Mozart, yes I had rocks holding it, but the 25mph wind gust did not help. The goo stuff is the PAM. I updated the post to explain it better.


----------



## Suburban Jungle Life (Mar 1, 2018)

I finally tried the PAM! So, I added 10g to about 1/3 gal of hot water. I dumped it in and instantly it became a glob. I tried to break up the glob with my hands and it didn't work out too well. I ended up with many small globs instead. I was hoping the hot water would dissolve the PAM but it didn't seem to have much effect. I then dumped the mess into a bucket and added water until I had about 3 gal. I used a paint mixer on my drill and mixed it for about 5 min. More of it dissolved but there were still some small globs left. I'm wondering if I left it overnight if more would dissolve. I sprayed it through my sprayer and it was so thick, like g-man said, it came out with the consistency of thick pancake syrup. Alas, it didn't have any kind of spray pattern but I just dribbled it on the lawn in a circular pattern or sometimes a zigzag pattern. I'm thinking that 10g in 3gal is too much PAM. I'll try again today with less PAM. We'll see...


----------



## g-man (Jun 15, 2017)

I forgot to mention that I sprinkled it to the water and stirred before adding more. Otherwise it will clump up. Think of it like making gravy with flour.

I really want to try using an end of hose sprayer. I think it will work due to the added water.


----------



## Mozart (Jul 17, 2018)

Have you looked into the Chapin "Wet or Dry" hose end sprayers? You may be able to drop the PAM right in and spray.

Looks promising as a tackifier applicator. In general it looks like a good buy as far as hose end sprayers are concerned (lots of flexibility in calibration).

https://m.youtube.com/watch?v=quo8BdtYJrg


----------



## Suburban Jungle Life (Mar 1, 2018)

I'm wondering if it's too thick. I have a pump sprayer and I had to really pump it up to get it to move through. I'm imagining 60+ psi. I doubt the venturi effect will be strong enough to pull product through a hose end sprayer. If you use so little PAM as to reduce the thickness, then maybe it could be run through a sprayer at that point anyway.


----------



## Mozart (Jul 17, 2018)

I'm not sure if this relies on the Venturi effect or not. It looks like a different mode of action for granular applications.

You are supposed to remove the feeder tube for dry applications; the water then enters the dry area and agitates it and forces out the mixed solution. At least that is my _assumption_ given what I read/saw online. Here is a video that explains the granular setting at 1:30:


----------



## Suburban Jungle Life (Mar 1, 2018)

Mozart said:


> I'm not sure if this relies on the Venturi effect or not.
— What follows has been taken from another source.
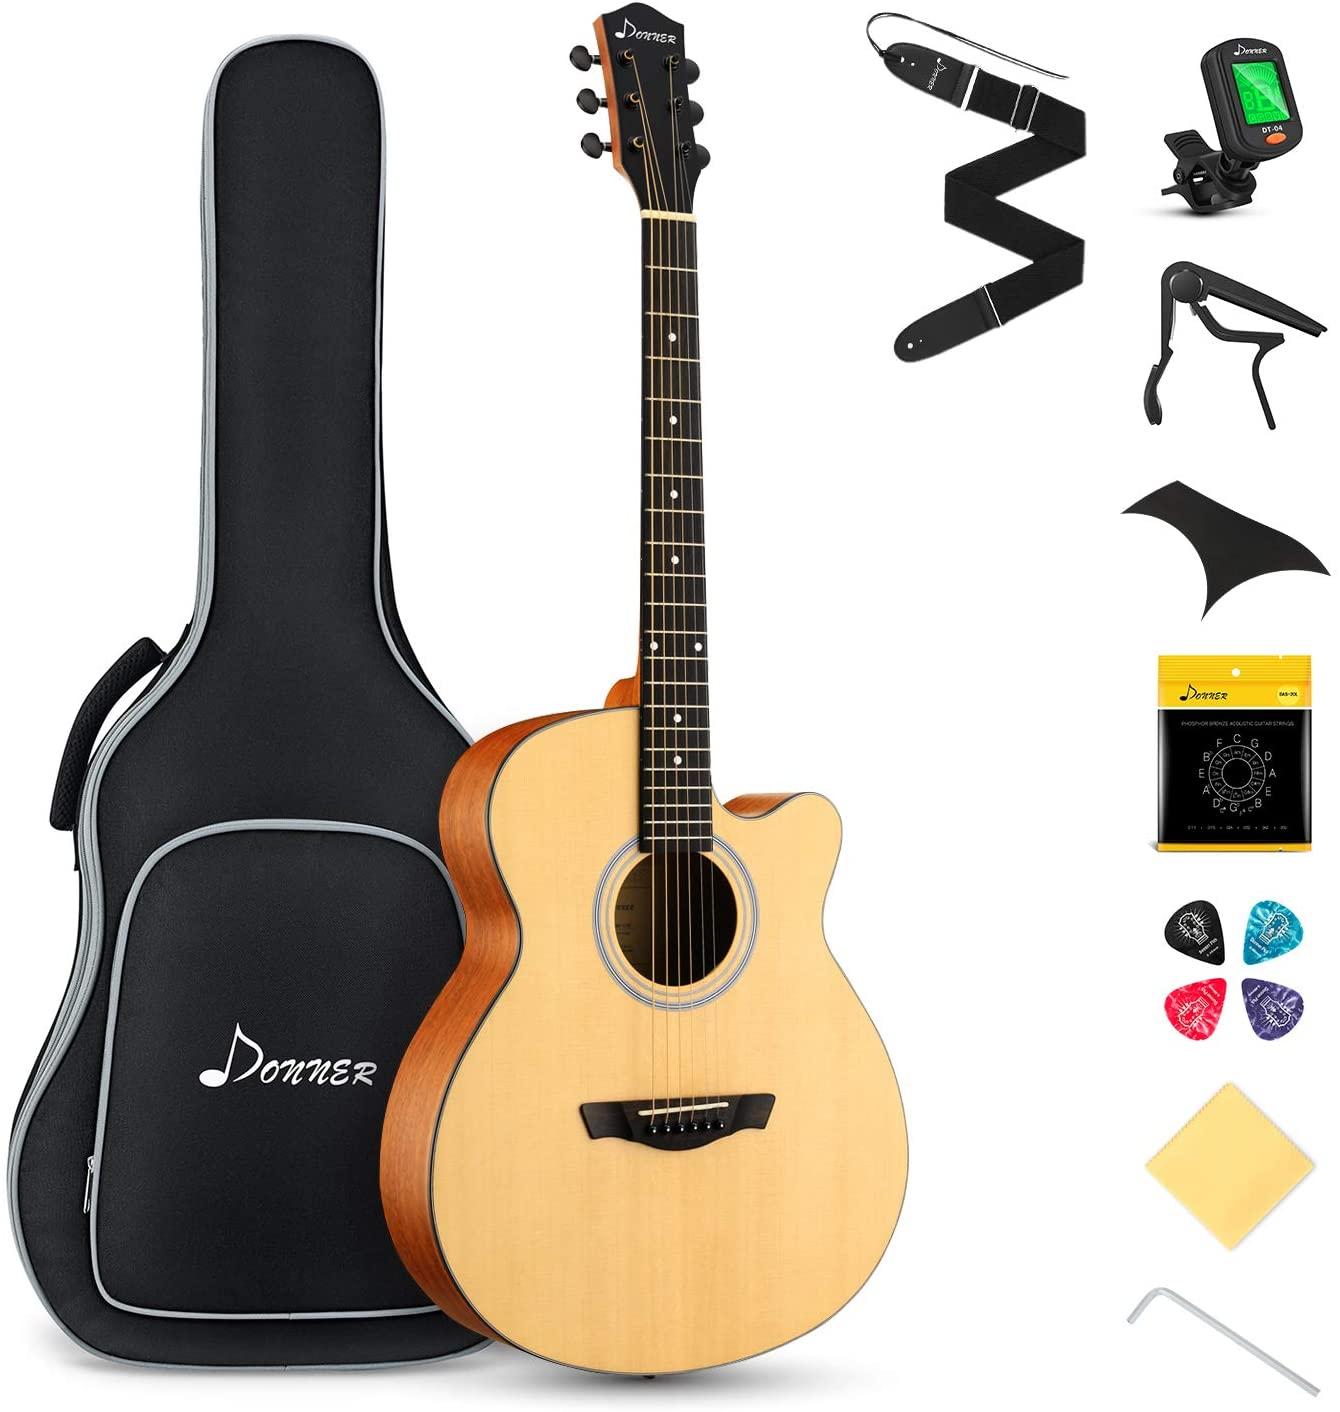 Donner DAJ-110C Mini Jumbo Cutaway Acoustic Guitar Guitar Bundle with Gig Bag Capo Picks Strap String

It looks like a different mode of action for granular applications.
> 
> You are supposed to remove the feeder tube for dry applications; the water then enters the dry area and agitates it and forces out the mixed solution. At least that is my _assumption_ given what I read/saw online. Here is a video that explains the granular setting at 1:30:


Hmm. That dry setting sounds interesting. Definitely not venturi for that setting.


----------



## g-man (Jun 15, 2017)

Dry application should plug that sprayer up.


----------



## Suburban Jungle Life (Mar 1, 2018)

So, I tried 5g in 3gal in my sprayer, I got a little shape of a fan out of it but I felt the amount I would need to apply isn't worth the hassle of using the sprayer. I ended up just putting 5g in a 5gal bucket and just poured it out. It seems to have helped reduce wash from a heavy storm last night but now the question is, how do I do wide spread coverage? It seems to be quite a hassle to mix these buckets. I'll need a lot of them to cover a large area.
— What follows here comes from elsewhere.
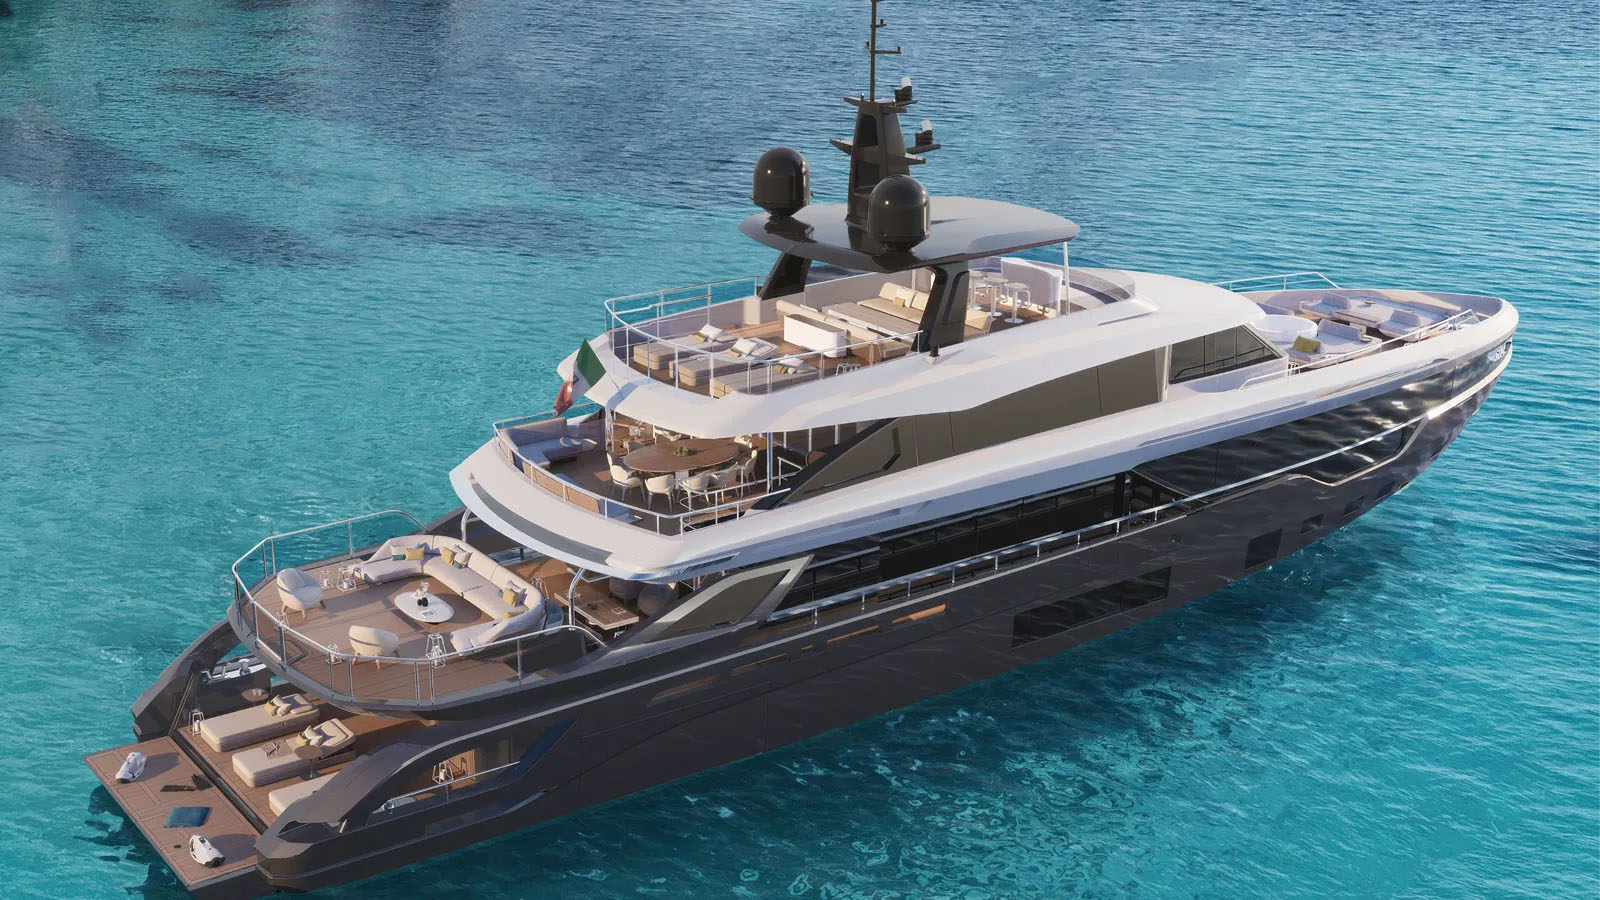 Siêu du thuyền Azimut TriDeck

I have a submersible pump. I wonder if I use that and a garden hose if that'll work. I'll need to mix a trash can sized amount though. Hmm...


----------



## Suburban Jungle Life (Mar 1, 2018)

The area I put the PAM all washed away. I got 2" in about 45 min. I put out seed and covered with peat but it turned into a river and disappeared. Next, I'm going to rough up the ground, put down seed, and roll it flat. This way the seed will be under the top of the dirt and if there is another downpour, hopefully at least the seed will stay put. I'll put down more peat and PAM and see what happens. We are forecast for rain all week.


----------



## g-man (Jun 15, 2017)

I had an idea after reading more on the PAM that I think you might be able to try. In a wheelbarrow place a bag of dry topsoil with dry PAM and mix it all together and then place it over the seeds and roll. The idea is that when the soil gets wet, the PAM will expand and form the gel but it is already mixed with the soil, so it should hold.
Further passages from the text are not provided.